───── Data for analysis ─────

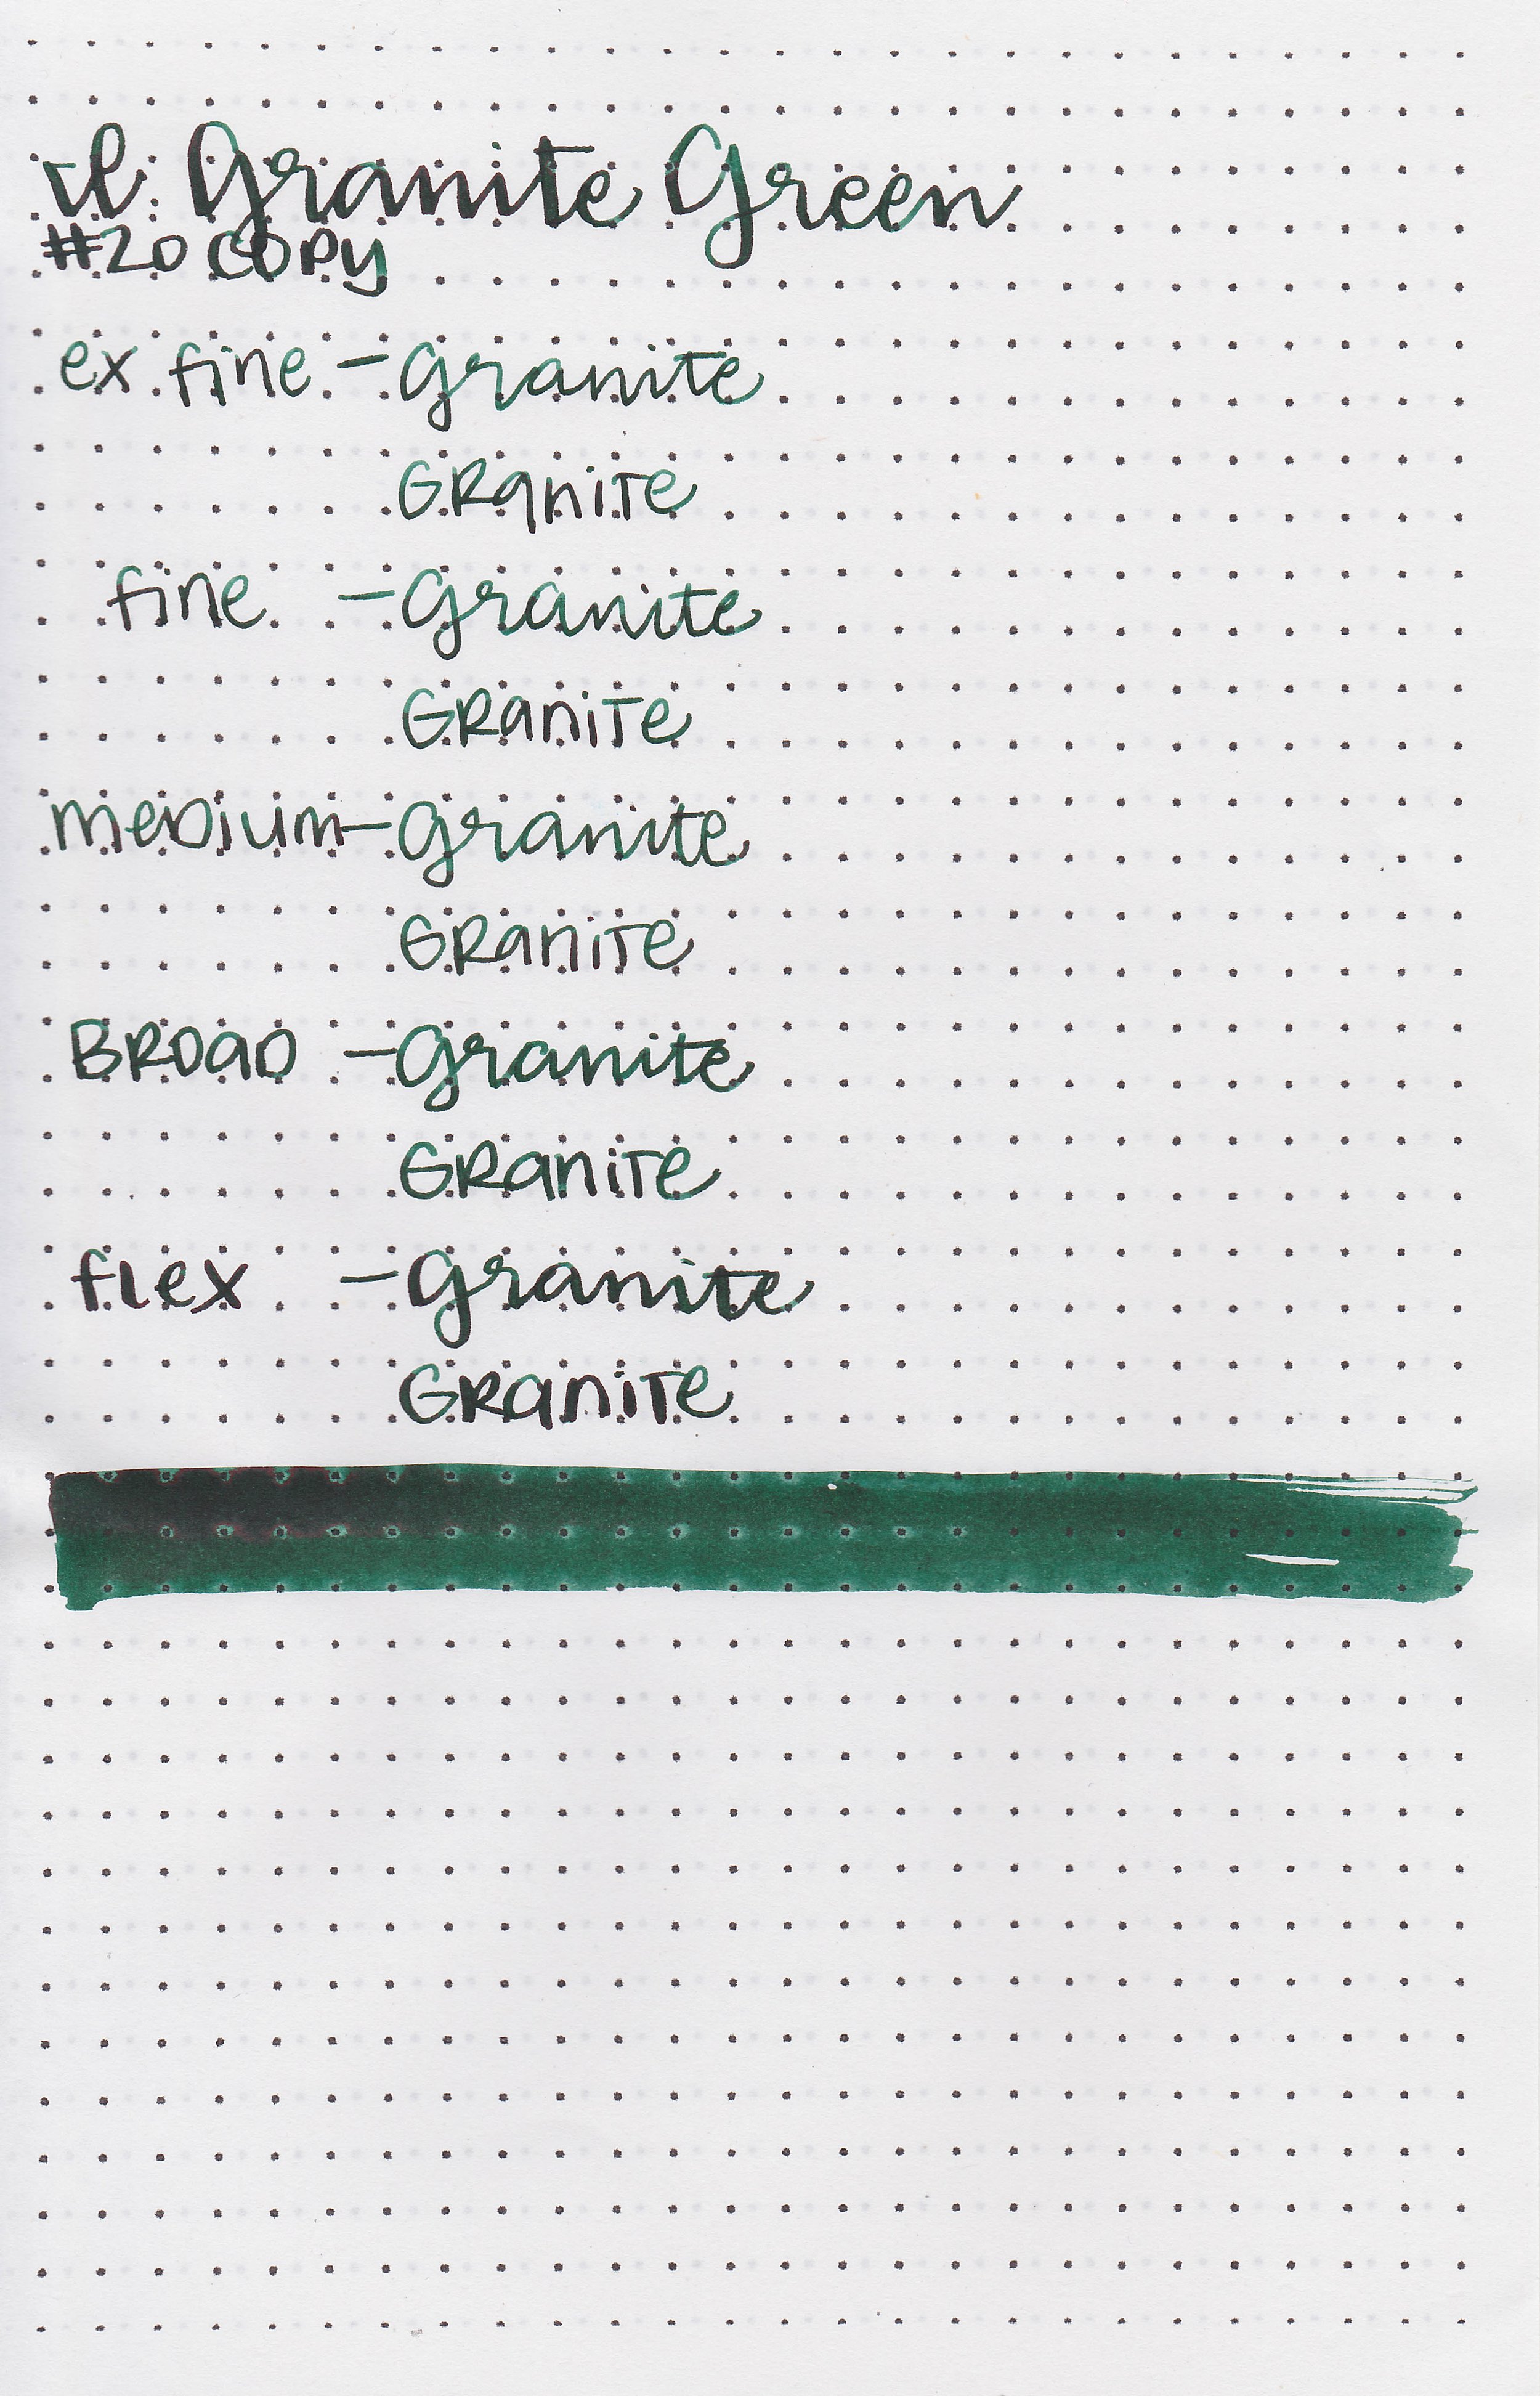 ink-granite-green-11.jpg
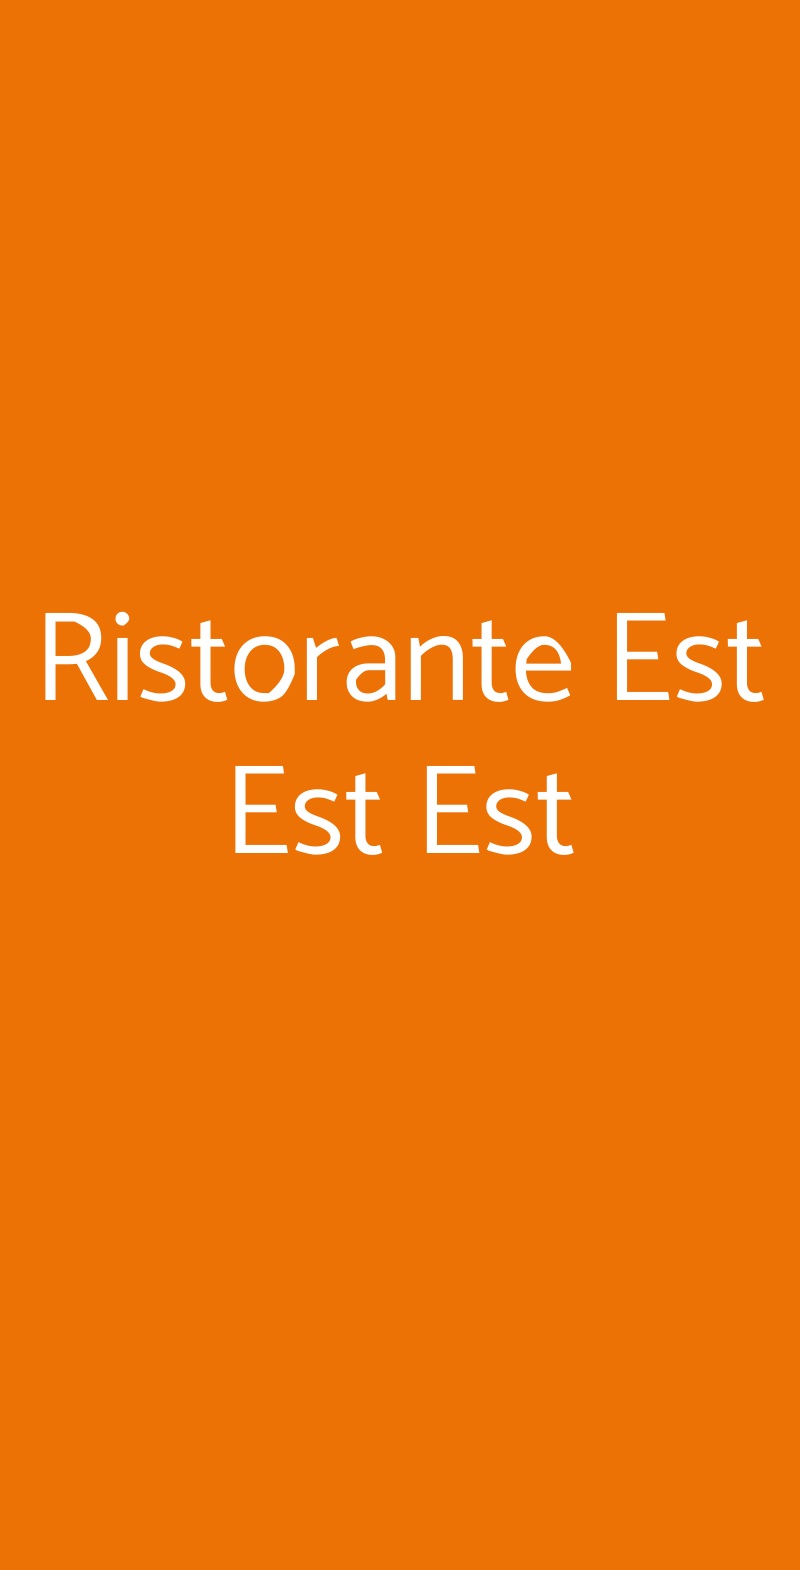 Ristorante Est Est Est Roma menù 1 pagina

─────
───── Data for analysis ─────

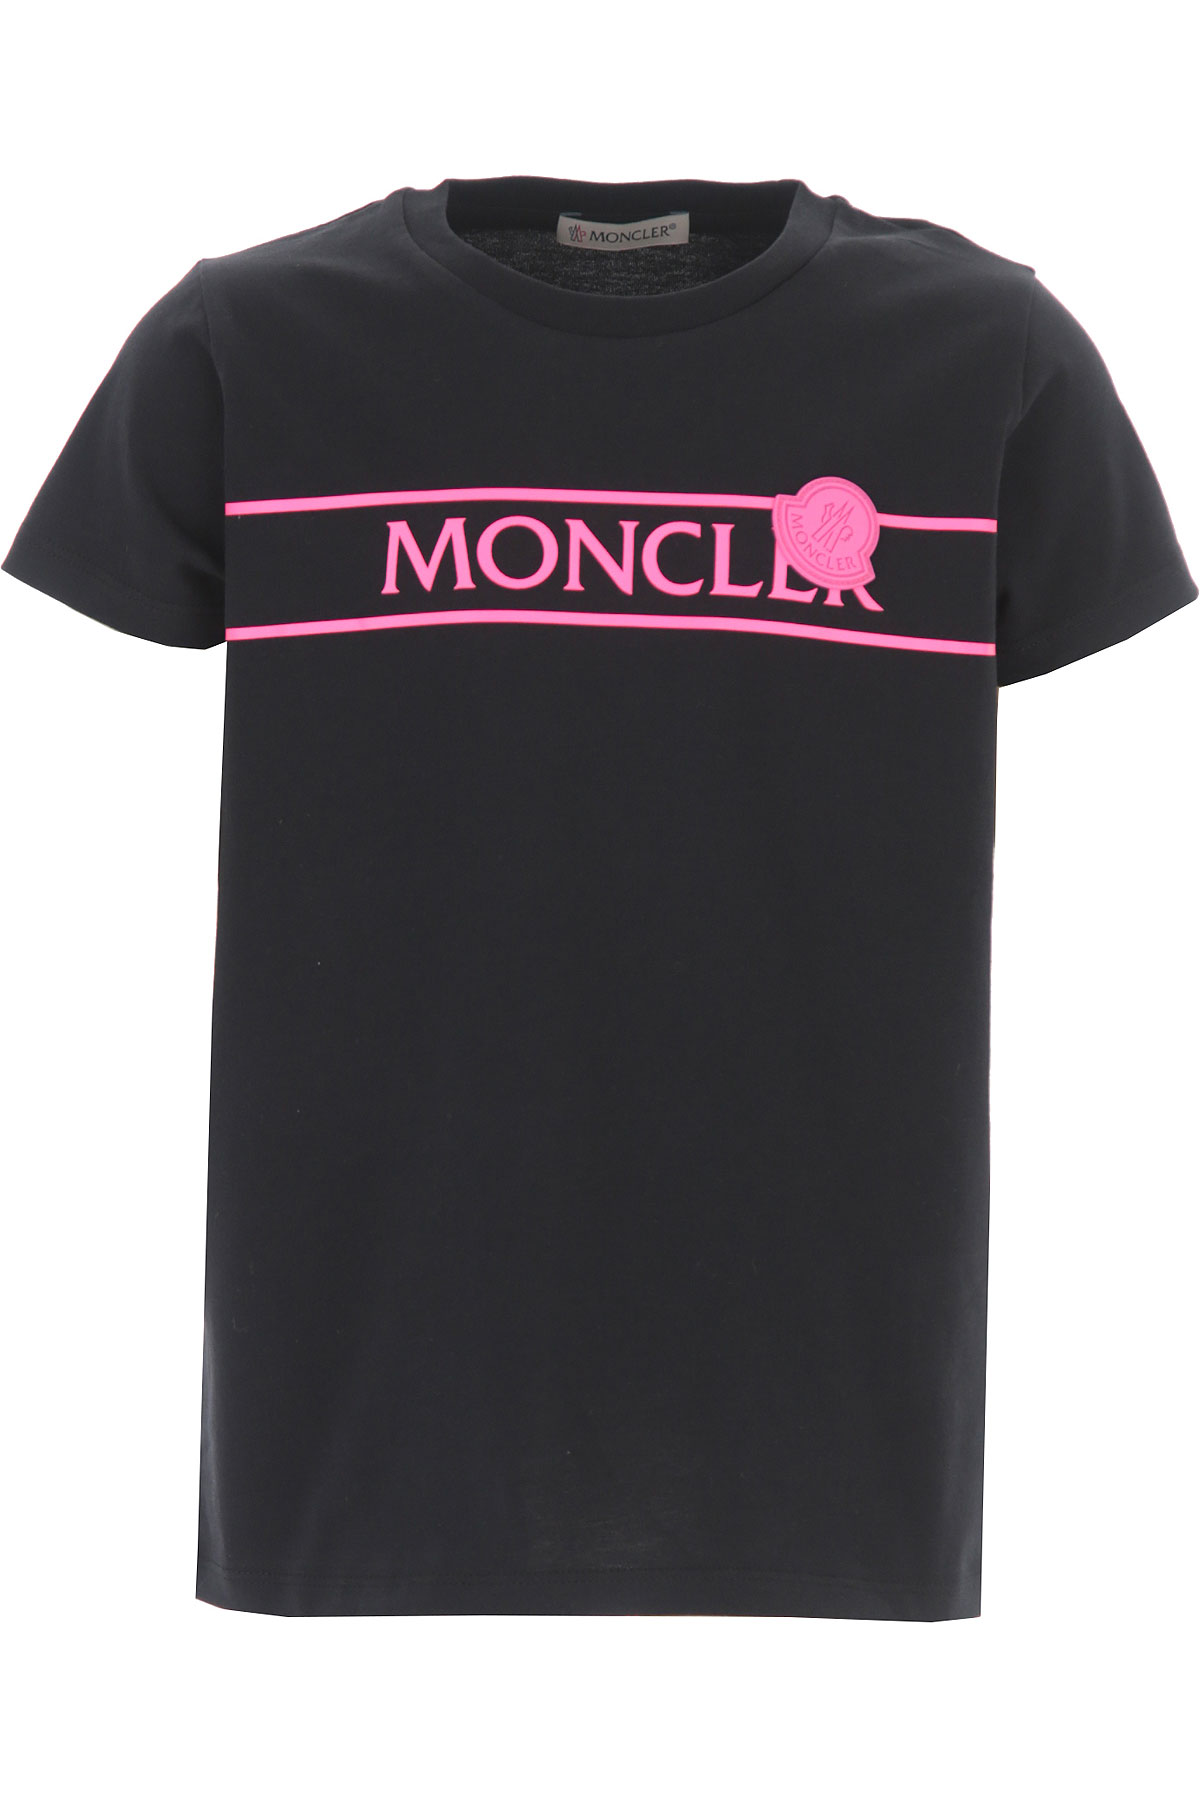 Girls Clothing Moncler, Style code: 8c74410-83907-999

─────

Your goal:
Set the pictures aside and retype exactly the lines above from the line with "ink-granite-green-11.jpg" to the line with "Ristorante Est Est Est Roma menù 1 pagina", both included, adding no others.

Finished exercise:
 ink-granite-green-11.jpg
 Ristorante Est Est Est Roma menù 1 pagina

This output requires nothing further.